=== Information provided ===

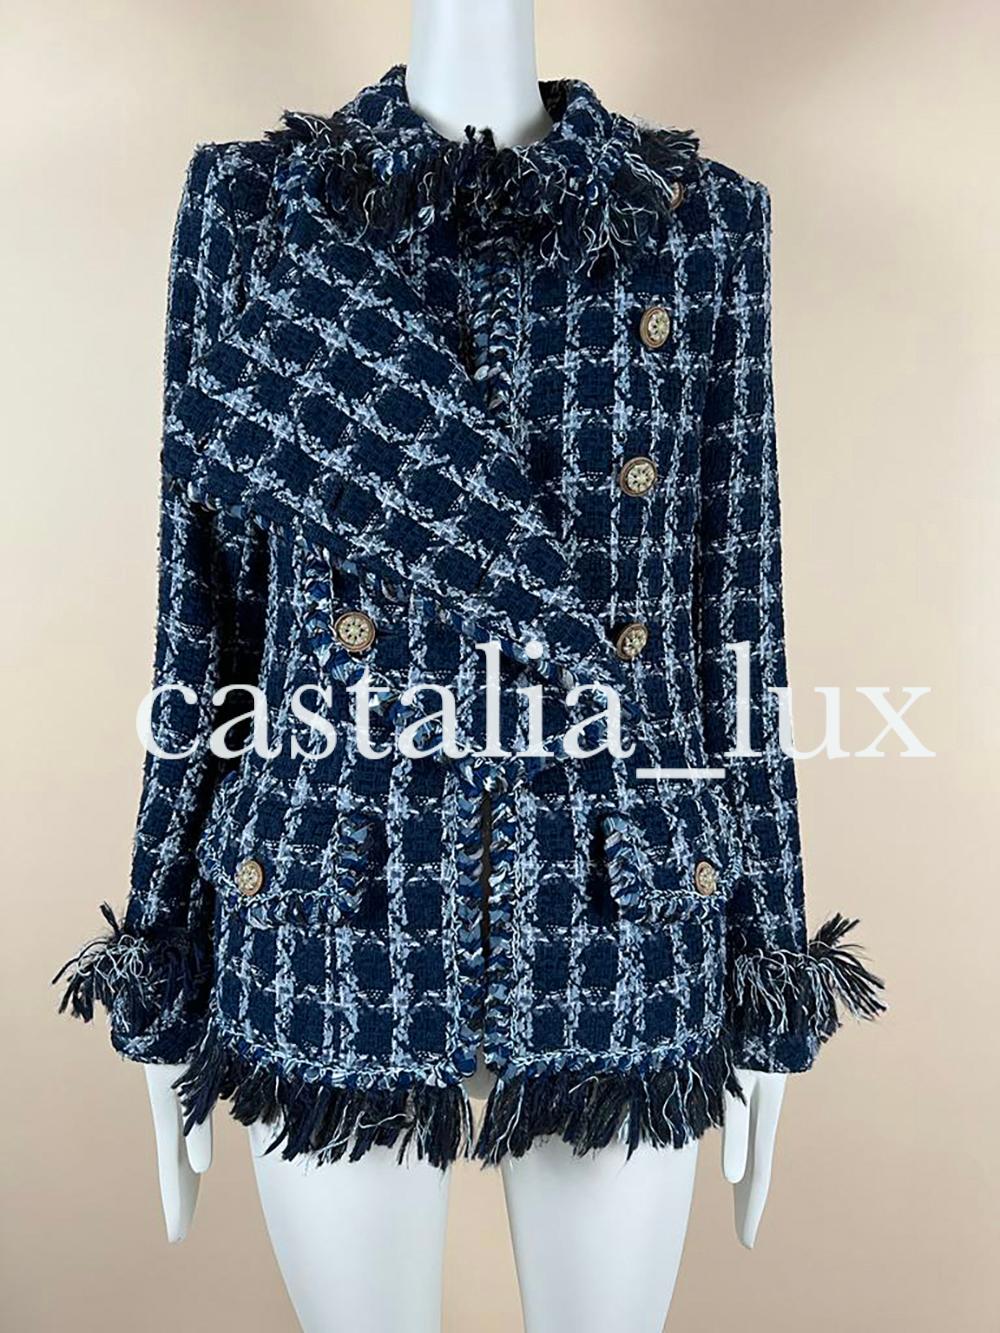 Chanel 11K$ Paris / Dallas Runway Tweed Jacket For Sale 2
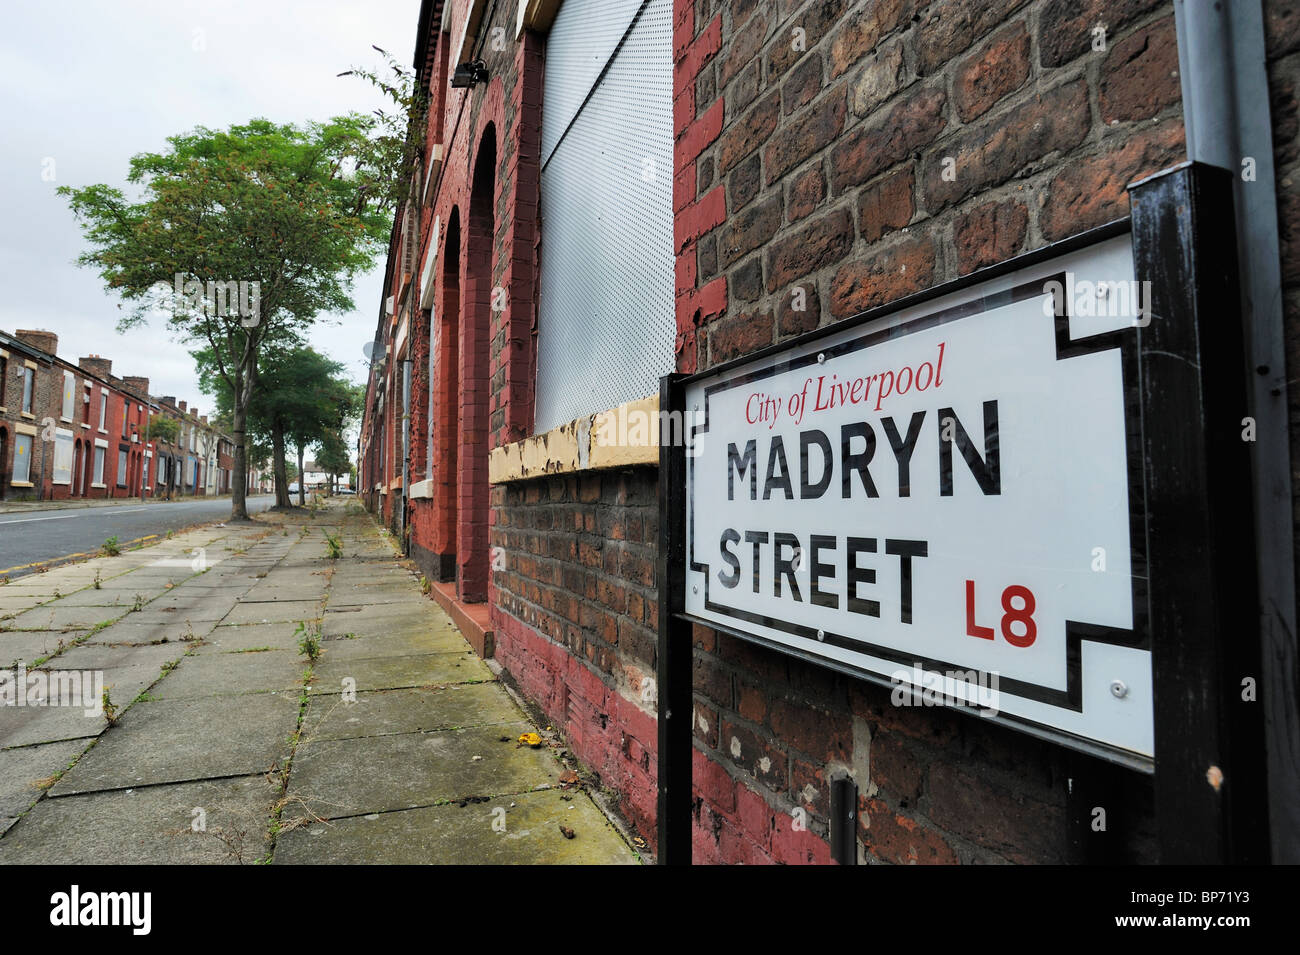 Madryn Street, der Geburtsort von Richard Starkey (Ringo Starr) der Schlagzeuger der Beatles. Stockfoto
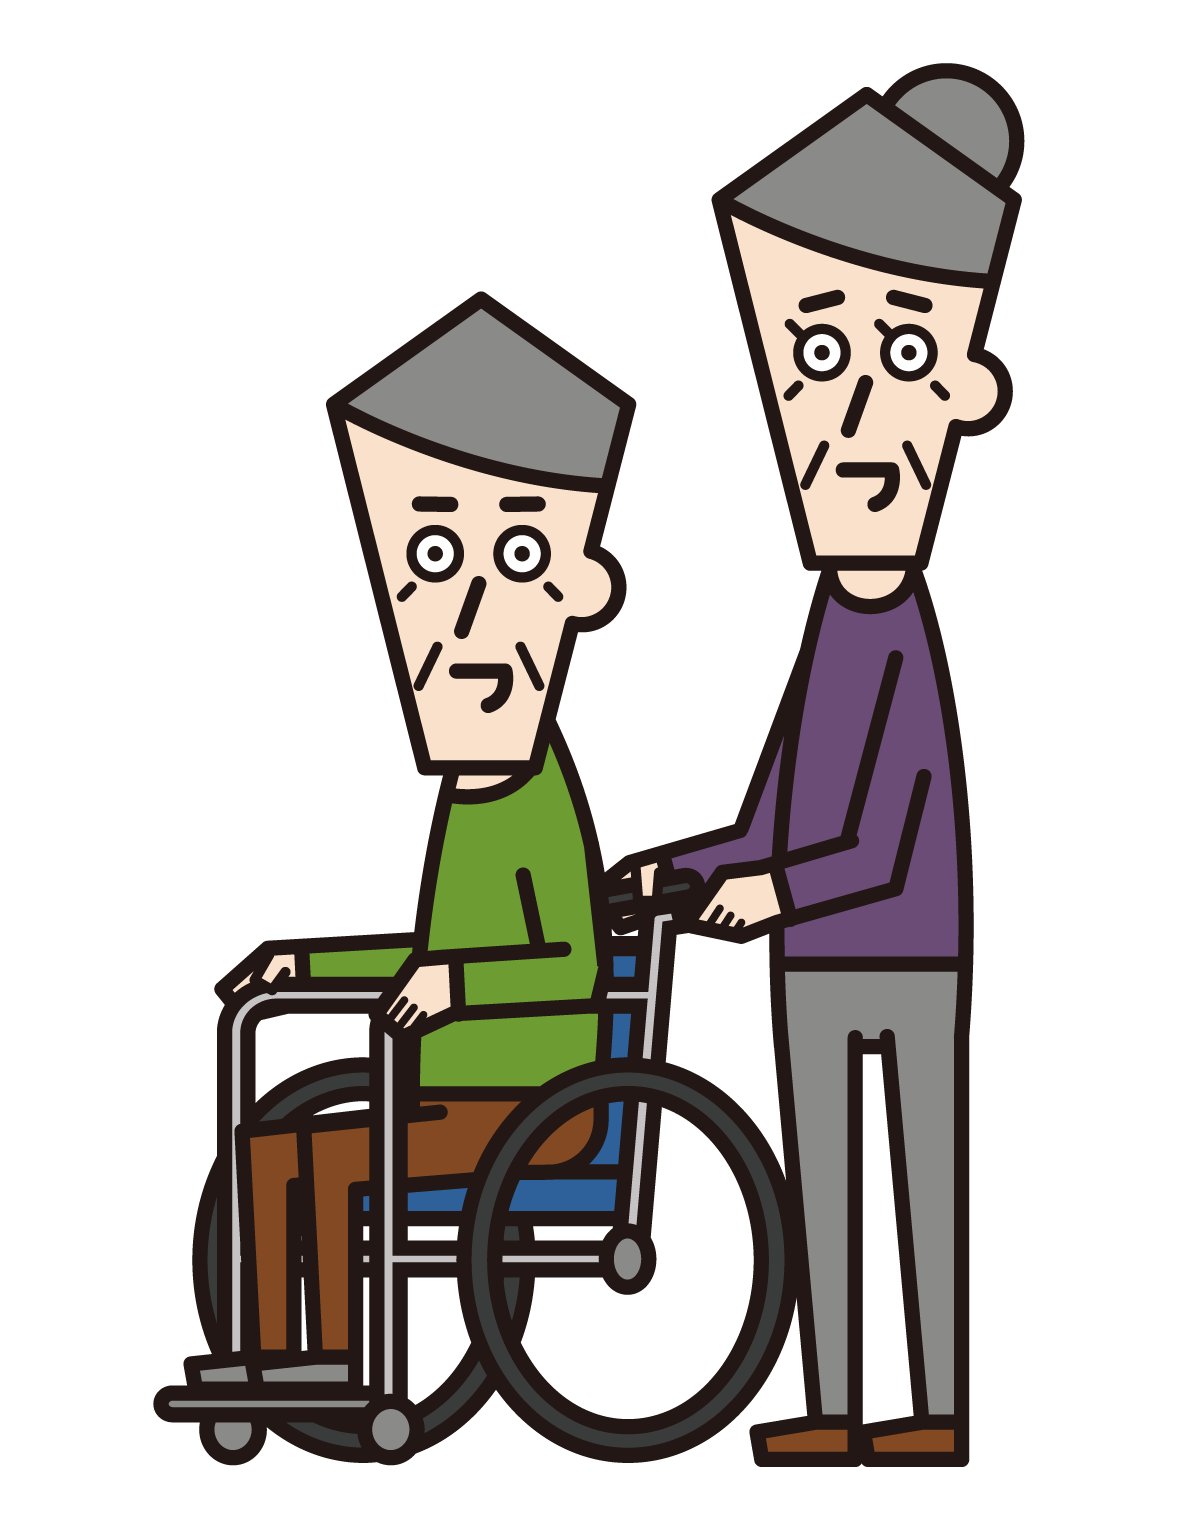 휠체어를 탄 사람(할아버지)과 푸셔(할머니)의 그림

===

→ **Exercise details**
From the line with "Madryn Street, der" to the last line above, restate each line word for word, but skip the pictures.

→ **Task answer**
 Madryn Street, der Geburtsort von Richard Starkey (Ringo Starr) der Schlagzeuger der Beatles. Stockfoto
 휠체어를 탄 사람(할아버지)과 푸셔(할머니)의 그림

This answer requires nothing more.